John Neely Bryans' Log Cabin
John Neely Bryans' Log Cabin in Dallas Texas
French traders had contact with the Anadarko people in the area around Dallas in the 1700s. In 1841 John Neely Bryan founded a trading post on the east bank of the Trinity River, near the junction of two Native American trails. Bryan was unaware that he had settled on land granted by the Texas republic to an immigration company, but he eventually legalized his claim. The extensive promotion efforts of the company brought settlers to the area, and in 1844 a townsite was laid out. The town was incorporated in 1856, and in the late 1850s, the collapse of a nearby cooperative community, La Réunion, augmented the population and added skilled European craftspeople to the workforce. In March 1861 Texas seceded from the Union and joined the Confederate States of America. During the American Civil War (1861-1865), Dallas served as a supply and storage post for the state. After the war ended, freed slaves flocked to Texas and founded a freedmen's town on the outskirts of Dallas. By 1870, the year Texas was readmitted to the Union, Dallas had a population of about 3000.

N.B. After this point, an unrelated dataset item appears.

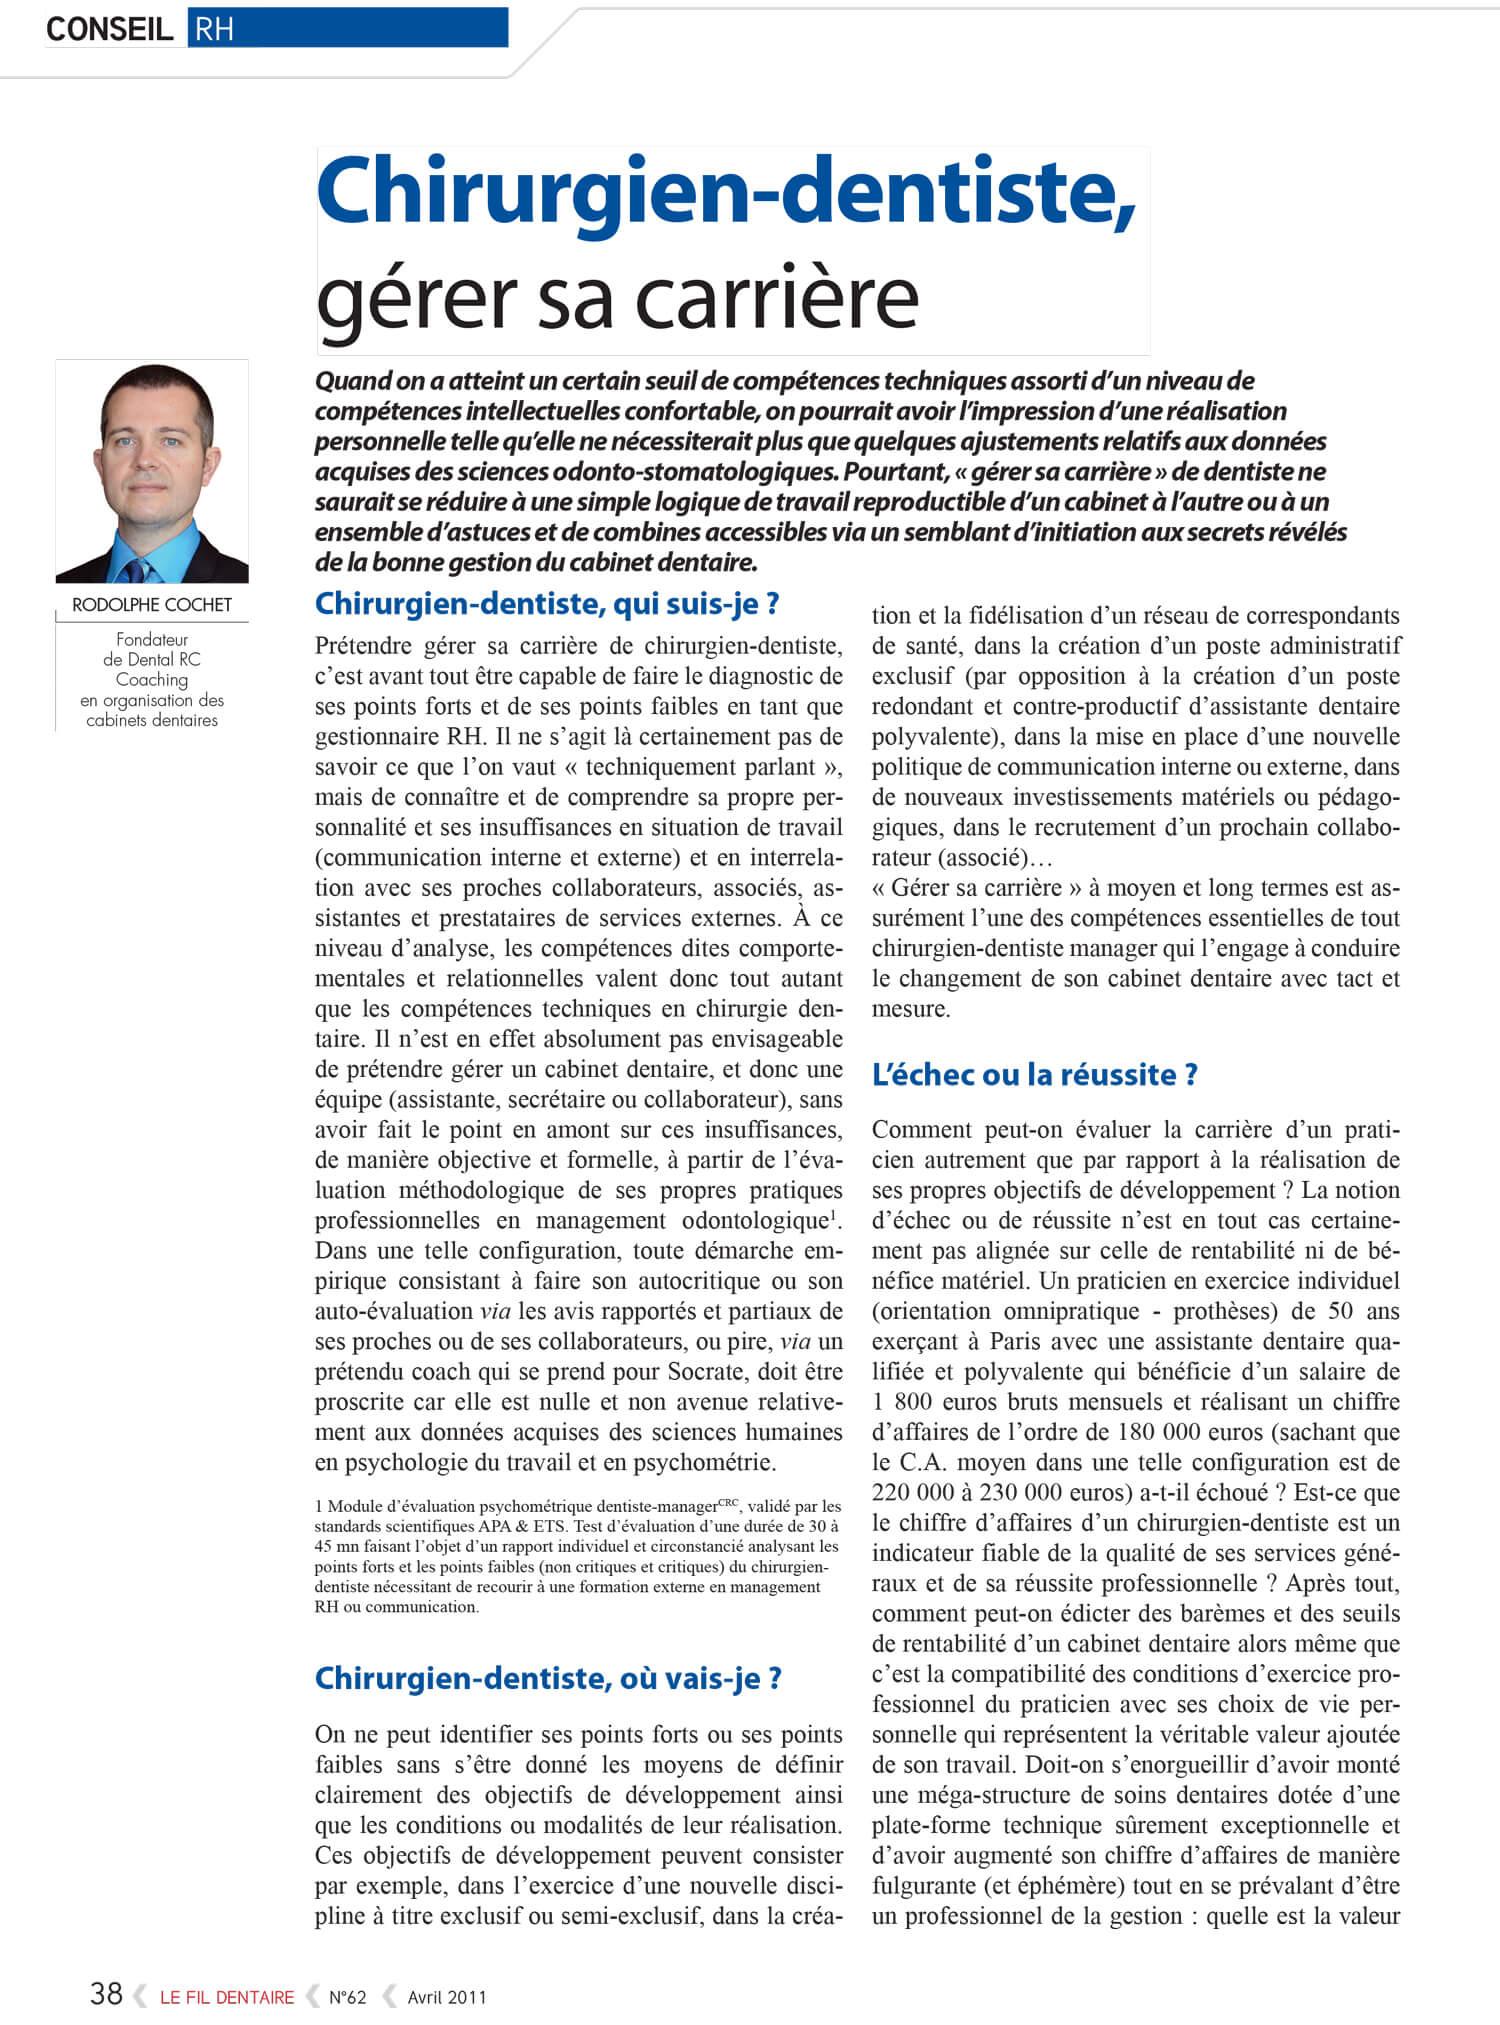 Chirurgien-dentiste-gerer-sa-carriere-management-dentaire-Rodolphe-Cochet.jpg

Dallas grew steadily for the next 30 years. The successful lobbying for two railroads, the Houston and Texas Central in 1872 and the Texas and Pacific in 1873, initiated this growth. As a rail crossroads, Dallas became a regional transport center for products headed to Northern and Eastern manufacturing centers. Cotton became the principal source of income, but the city also attracted merchants and banking and insurance companies eager to exploit available transportation and communication facilities. Throughout this period, business and political leaders forged close ties, thus shaping the character of the city and guiding its economic direction. By 1890 Dallas had 38,067 residents and was the largest city in the state.
History of Railroads in Dallas
The Panic of 1893, a national economic crisis, slowed the city's business development. Dallas recovered with the increase in agricultural prices in the early 20th century, and doubled its size with the annexation of Oak Cliff and other areas. In the century's second decade, Dallas began implementing an urban design plan created by George Kessler, a city engineer. The Kessler Plan connected Oak Cliff and Dallas, established greenbelts, and attempted to chart and direct urban growth. Control of the Trinity River also took a high priority. The city built levees and steel viaducts, and in a massive engineering project, the river channel was moved, straightened, and confined for flood control.
Dallas Skyline of 1912

The Great Depression of the 1930s had a severe impact on Dallas, but the crisis was partially alleviated by the discovery of the East Texas oil fields, which made Dallas a center of the petroleum business. Oil and the booming defense industry during World War II (1939-1945) stimulated growth and helped Dallas to diversify its economy.

The city prospered economically with the rising oil prices of the 1970s and the resulting construction boom. The collapse of oil prices in the 1980s, the failure of many local savings and loan institutions, and the resulting collapse in real estate prices caused the city to tumble into an economic depression. Dallas civic leaders launched an economic program that included renovating part of the downtown area and attracting new industries. The city leadership also worked hard at smoothing racial tensions, which remained despite sizable growth in minority populations and improved sensitivity on the part of white leaders. Although Dallas was one of the last major cities to recover from Texas's mid-1980s economic collapse, the strength of its basic economy, its geographic location, and the recovery of the state economy ultimately combined to slow the economic decline in the Dallas region.